Für den geplanten Dorfplatz und somit dem Umbau des dortigen Wendehammers im Wanzleber Ortsteil Buch soll in Kürze der Baustart erfolgen. Insgesamt hat das Projekt ein Bauvolumen in Höhe von 110 000 Euro. Die Fertigstellung soll im Frühjahr 2010 erfolgen. Nach erfolgter Ausschreibung wird nun der Hauptausschuss in seiner nächsten Sitzung am Mittwoch über die Vergabe entscheiden. Innerhalb von 14 Tagen kann dann der Baustart erfolgen.

Wanzleben / Buch. Seit vielen Jahren wurde der Ausbau des Wendehammers in der Dorfstraße im Wanzleber Ortsteil Buch von den Anwohnern gefordert. Die Schleife, an der auch der Bus wendet, ist derzeit voller Pützen, weil es sich um ein unbefestigtes Stück Straße handelt. Bis zum Wendehammer selbst ist bereits neues Pflaster verlegt worden.

In knapp zwei Wochen soll mit dem Ausbau des Wendehammers begonnen werden. Nach erfolgter Ausschreibung werden die Stadträte am morgigen Mittwoch im Hauptausschuss das Bauprojekt an eine Firma vergeben, so dass nur 14 Tage danach der Baustart erfolgen kann. Bauamtsleiter Olaf Küpper rechnet mit einer Fertigstellung im Frühjahr 2010. Das 110 000-Euro teure Bauprojekt wird vom Amt für Landwirtschaft und Flurerneuerung ( ALF ) mit einer 60-Prozent-Förderung unterstützt. Dafür erhalten die Wanzleber im Ortsteil Buch nicht nur einen neugestalteten Wendehammer, sondern auch einen Dorfplatz mit einem neuen Haltestellenbereich.

So werden 400 Quadratmeter Pflaster im Bereich des Wendehammers ver- und noch einmal 435 Quadratmeter Grünfläche angelegt. Neben einer neuen Buswartehalle wird laut Ausschreibungsunterlagen der Stadt Wanzleben auch eine Bankgruppe aufgebaut.
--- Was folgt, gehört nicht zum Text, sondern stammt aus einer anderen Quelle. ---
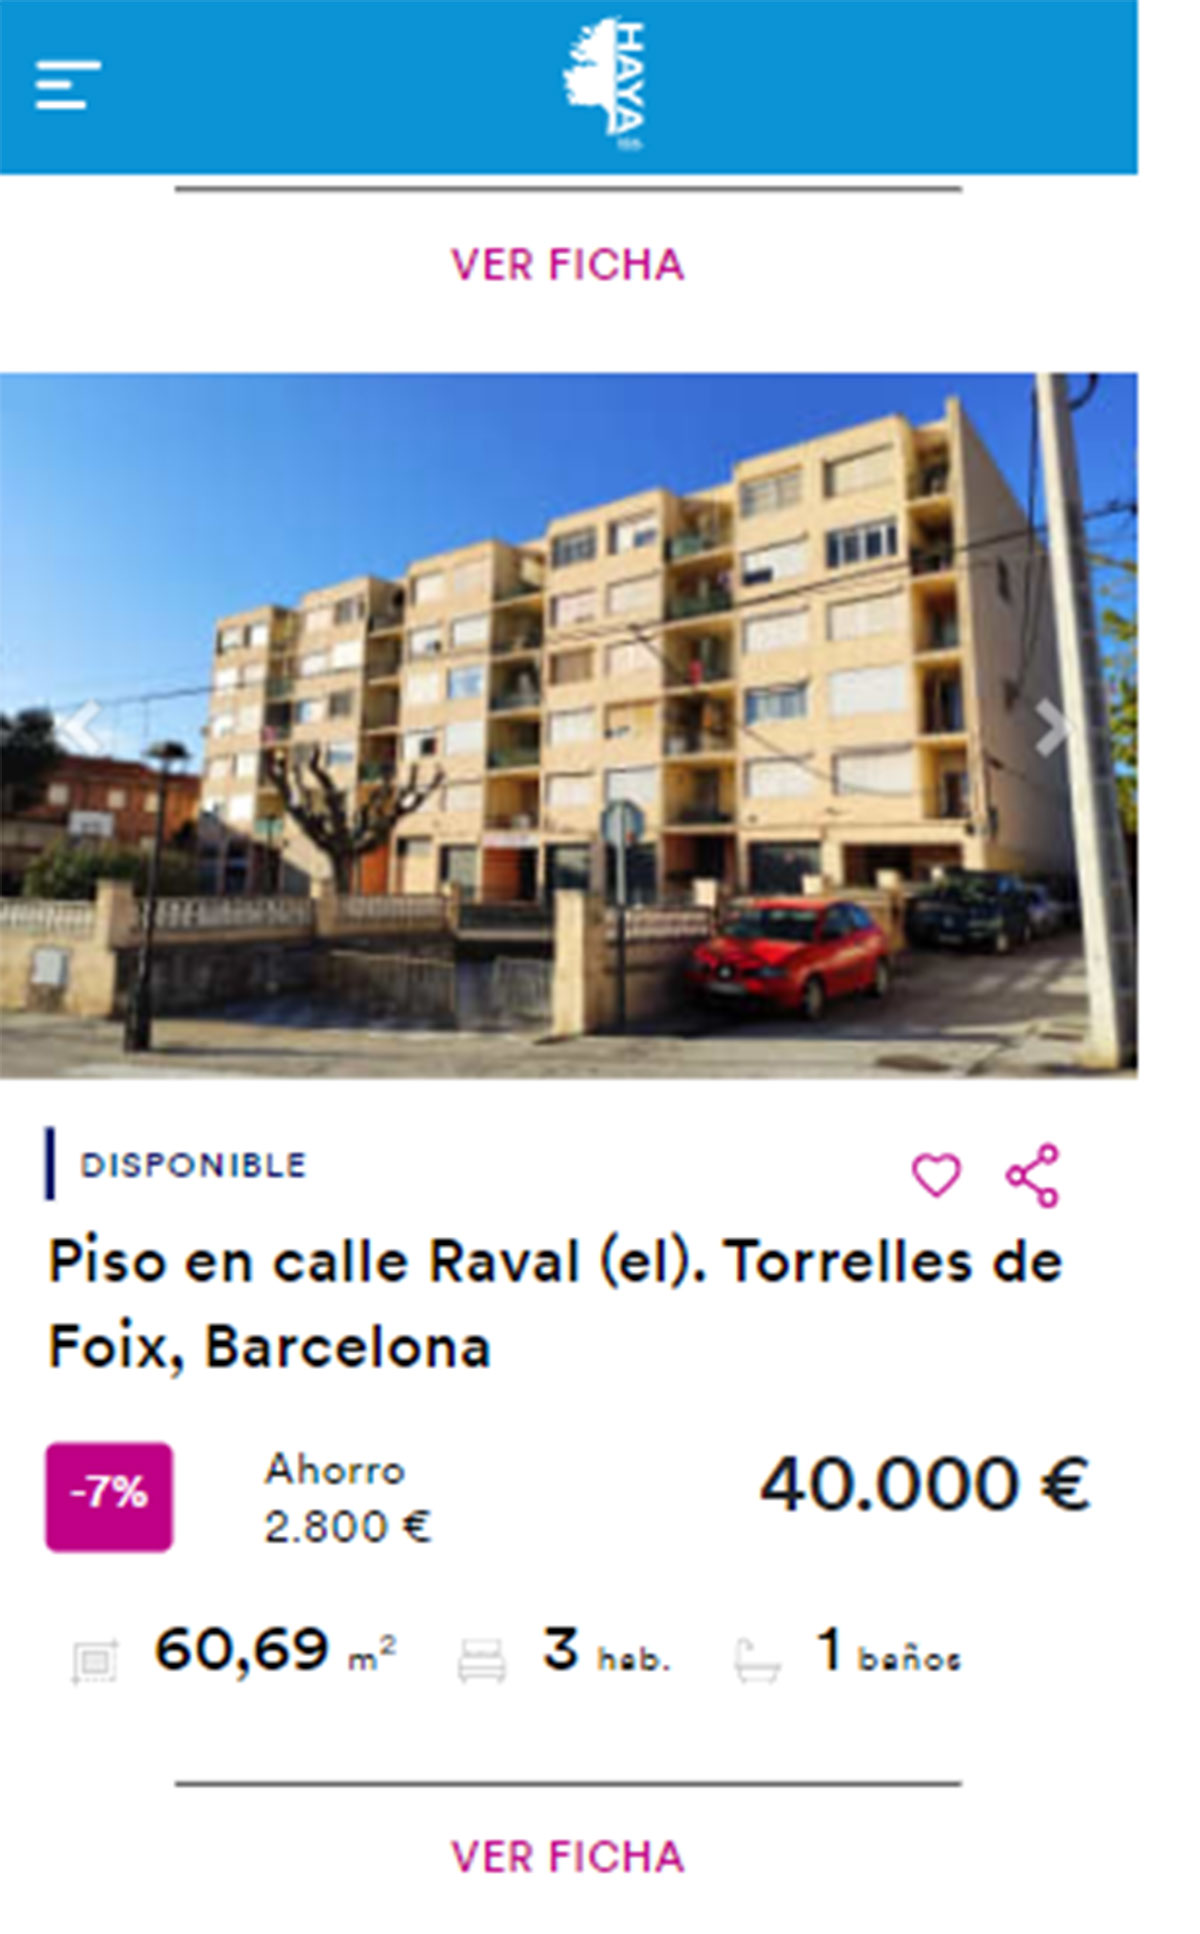 Piso en Barcelona por 40.000 euros

Auch die Regenentwässerung wird an dieser Stelle erneuert. So werden 22 Meter Muldenrinne, 20 Meter Betonrohrleitung, ein Versickerungsschacht und zwei Straßenabläufe installiert. Auch ein unterirdischer Feuerlöschbehälter sowie zwei Beleuchtungsmasten sollen bei dieser Gelegenheit mit installiert werden. Wanzlebens Bauamtsleiter Olaf Küpper schätzt die Beeinträchtigung der Anwohner während der Bauarbeiten als eher gering ein. Eine Umleitung sei während der Bauphase ebenfalls nicht nötig.